実は人気のあるドラマの『ガリレオ』シリーズは完全未見。
その辺りを踏まえ、(シリーズのファンの人達から)批判されるのを。ガッテン承知の助の上で、はっきりと言ってしまうと…

ザ・凡庸

原作も映画も、、、

じゃあつまらないのか?と言うと、「いや!そこそこ楽しめるんじゃないかなあ〜」…と、
楽しめるけれど、とても面白い…とも言えないとしか💧

原作を読み始めてすぐに、「あ?これアガサ・クリスティーじゃないの?」と感じた。
実際に原作の157ページ〜158ページに渡って

〜アガサ・クリスティーの小説で有名なオリエント急行の個室でさえ、もう少しましだったのではないかと思った。〜

と書き込まれている。

おそらくは、物語の発想の中にアガサ・クリスティーがあるのは《当たらずとは言え遠からず》なのだと思う。

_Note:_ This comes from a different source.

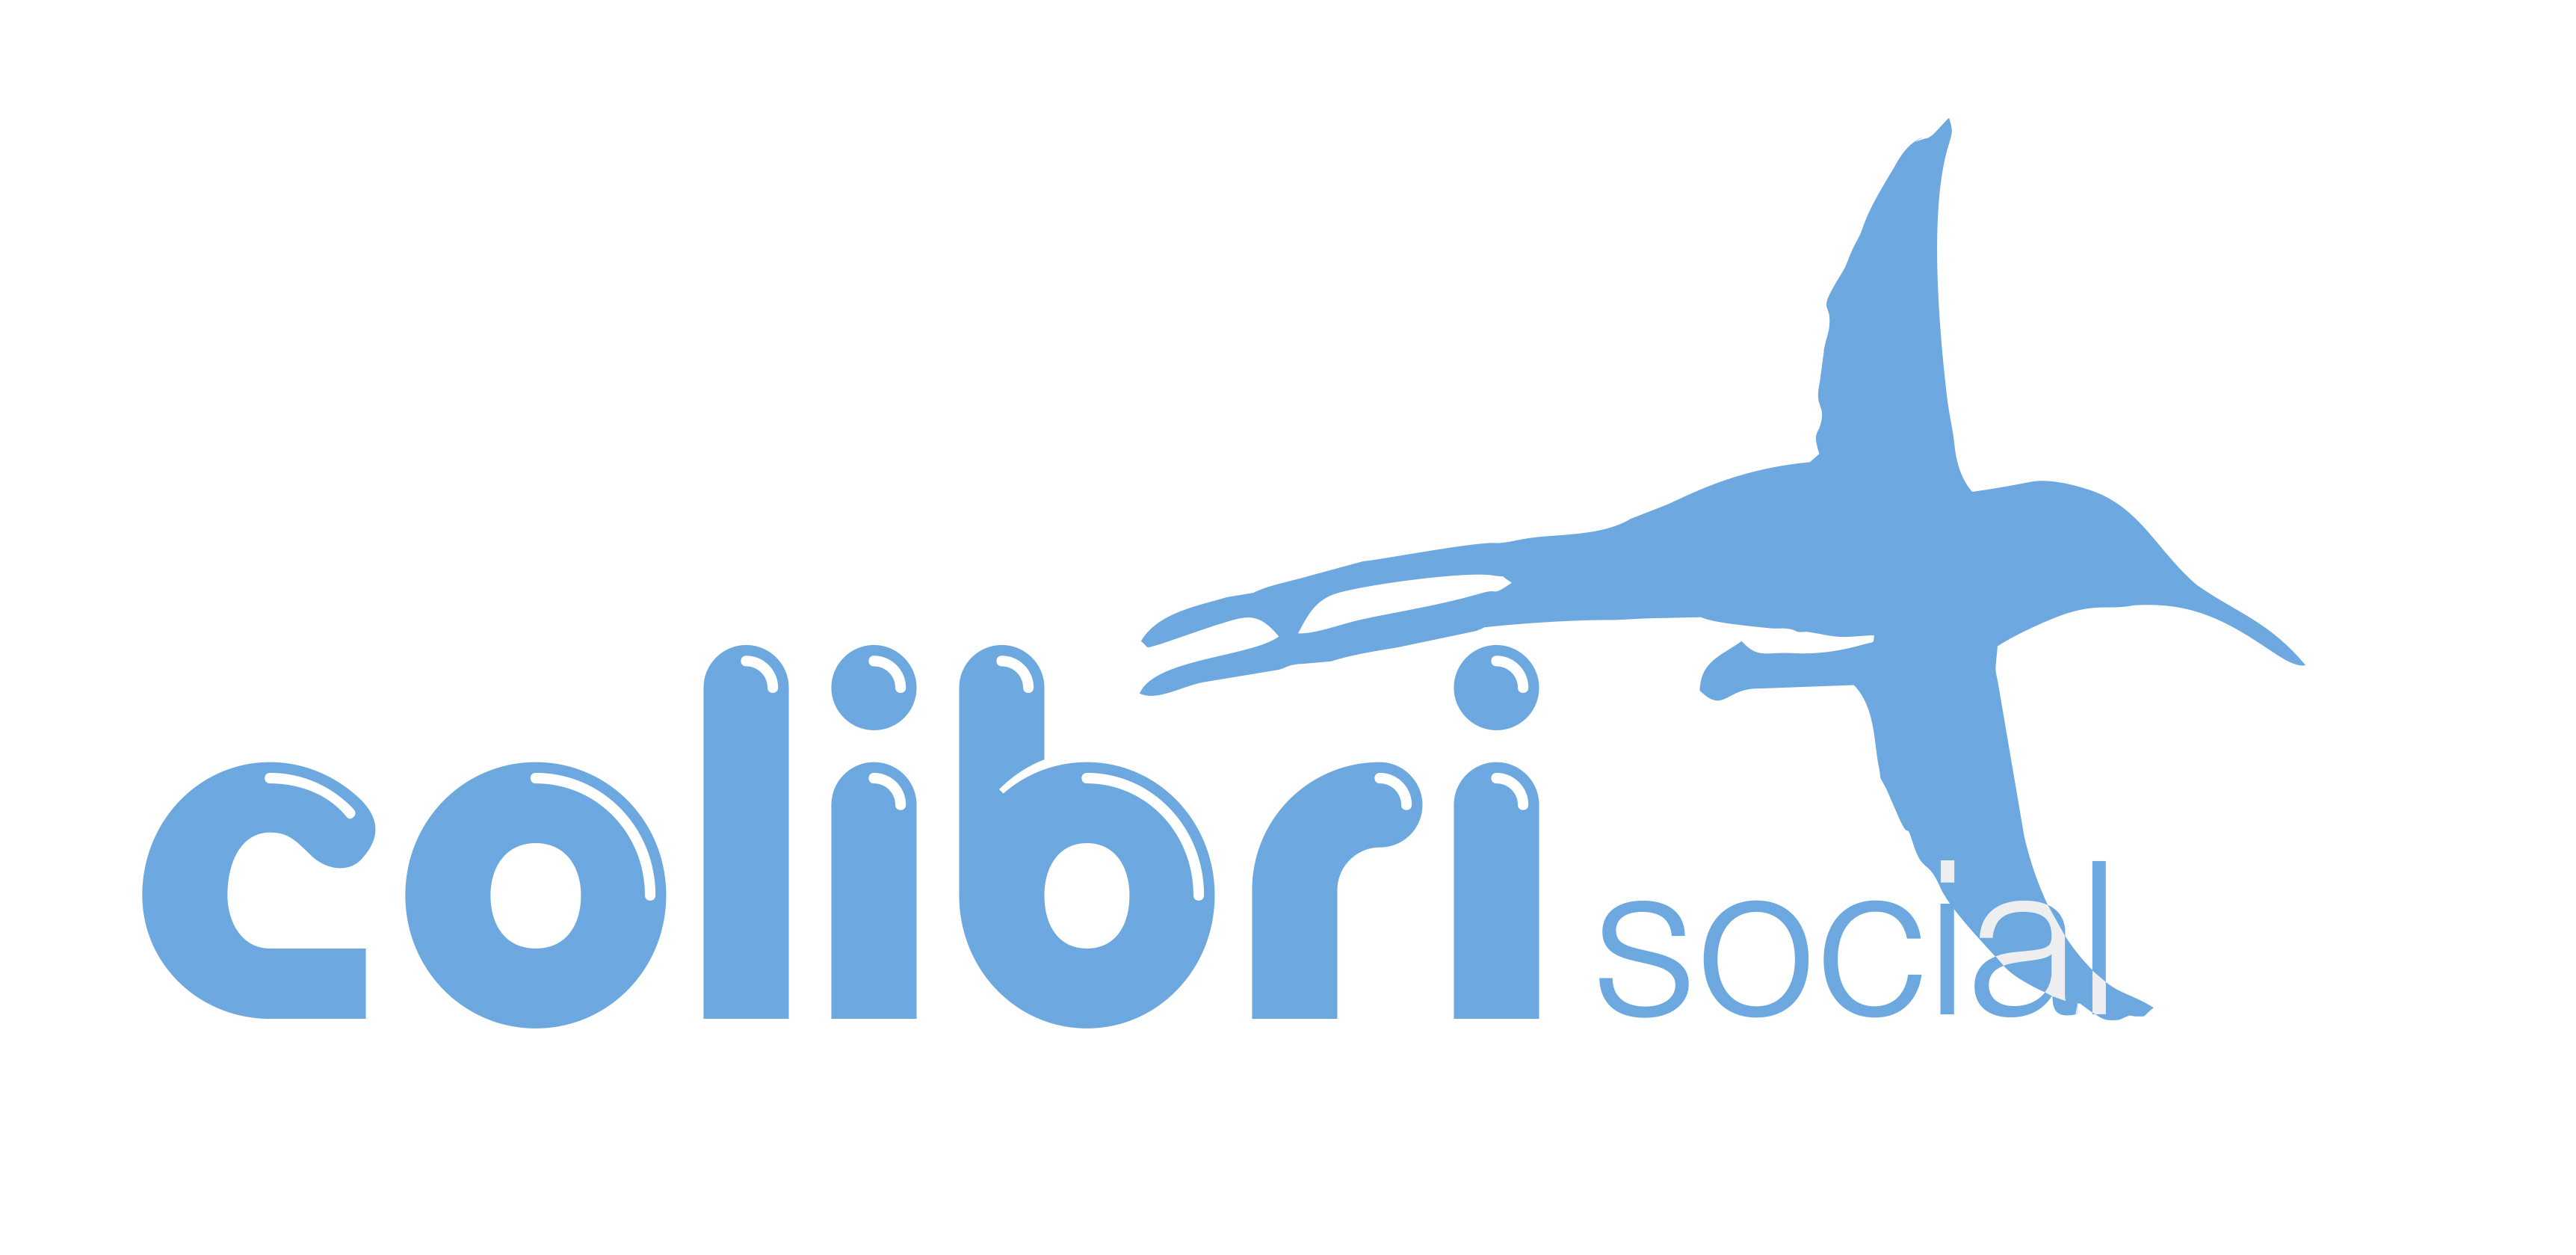 Дизайнер, разработка логотипа компании фото f_5075580cdb5f3b9b.jpg

その辺りを含めた登場人物達のキャラクター設定等は、とても分かりやすく描かれていた。
殺された男のキャラクターの憎らしさであり、全員に殺意を抱かせる演出等も併せて。

でも、アガサ・クリスティー以上に。原作の中には、或る昭和を代表する推理小説を参考にしているのだろう…と予想される本が有り。それが、松本清張の『砂の器』ではないか?と推理する。
原作は未読でしたが、映像化された『祈りの幕が下りる時』は、明らかに『砂の器』に対してのリスペクト感を強く感じられる映像化でした。
この原作の370ページ目には。妹想いの男が、絶対に過去を知られたくない。知られてはいけないのだ…と叫ぶセリフが書かれており。この場面こそは、野村芳太郎監督版『砂の器』に於ける名場面である。加藤嘉の叫びを意識しているのだろうと思える。
(明らかに似せてしまわない様に、演出・演じている風にも見えたのだけれど)

ドラマ版は福山&柴咲による【ある種の】バディ物と思われるのですが。原作を読んだ限りは、湯川教授と草薙の奇妙な友情物語の様に思える。2人は主に、落ち着いて話せるBARで会っては、次々と疑問点を炙り出し。事件の真相に迫って行く物語になっていた。
それをこの映像化では、何度も草薙と薫を入れ替えて描いていた。

ところで、これを書き込んで良いのかどうか、ちょっとだけ躊躇してしまうのですが。
原作では終盤に何度も(いわゆる)どんでん返し的な展開を見せる。
最後の最後に至って、さらなるどんでん返しになるのだけれど。(当事者の最終決断の言葉は)本編ではあえて描いてはいなかった。
映画を観た人が、〝 それを 〟摸倣してしまったとしたのならば、、、製作側にその思いを抱いてしまったからだろうか?
だからこその〝 沈黙 〟なのですが。

元々の復讐劇に無理筋感が強すぎるのを、原作ではかなりのページ数を使い説明し、何とか強引にストーリーを組み立てている。
「いやいや、幾ら何でも…」と思いつつ、筆力で読み切らせてしまうだけに。これを映像で説得力を持たせるのはなかなか難しそうだ、と思っていた。理解しながら観ていても、やはりそもそも感が…
まあ、そうしなけばアガサ・クリスティーにはならんのですけど💦
原作の持つその辺りのバリバリな違和感に対して、大いなる許容範囲を持って観れるならば、暇つぶしに見るにはまあまあか…とは思える作品でした。

最後にちょっと気になった事を、、、
本編が始まる前に、今後公開される予告編が何本か流れたのですが。その中に、以前フジテレビ系列で人気が有ったドラマの《その後》を描く作品が何本も。
この作品自体が、そんな流れの始まりと言っても良いのだろうか?
以前の隆盛はもはや昔。何かと良い話を聞かないフジテレビでも有り、四の五の言ってはいられない状況なのだろうか?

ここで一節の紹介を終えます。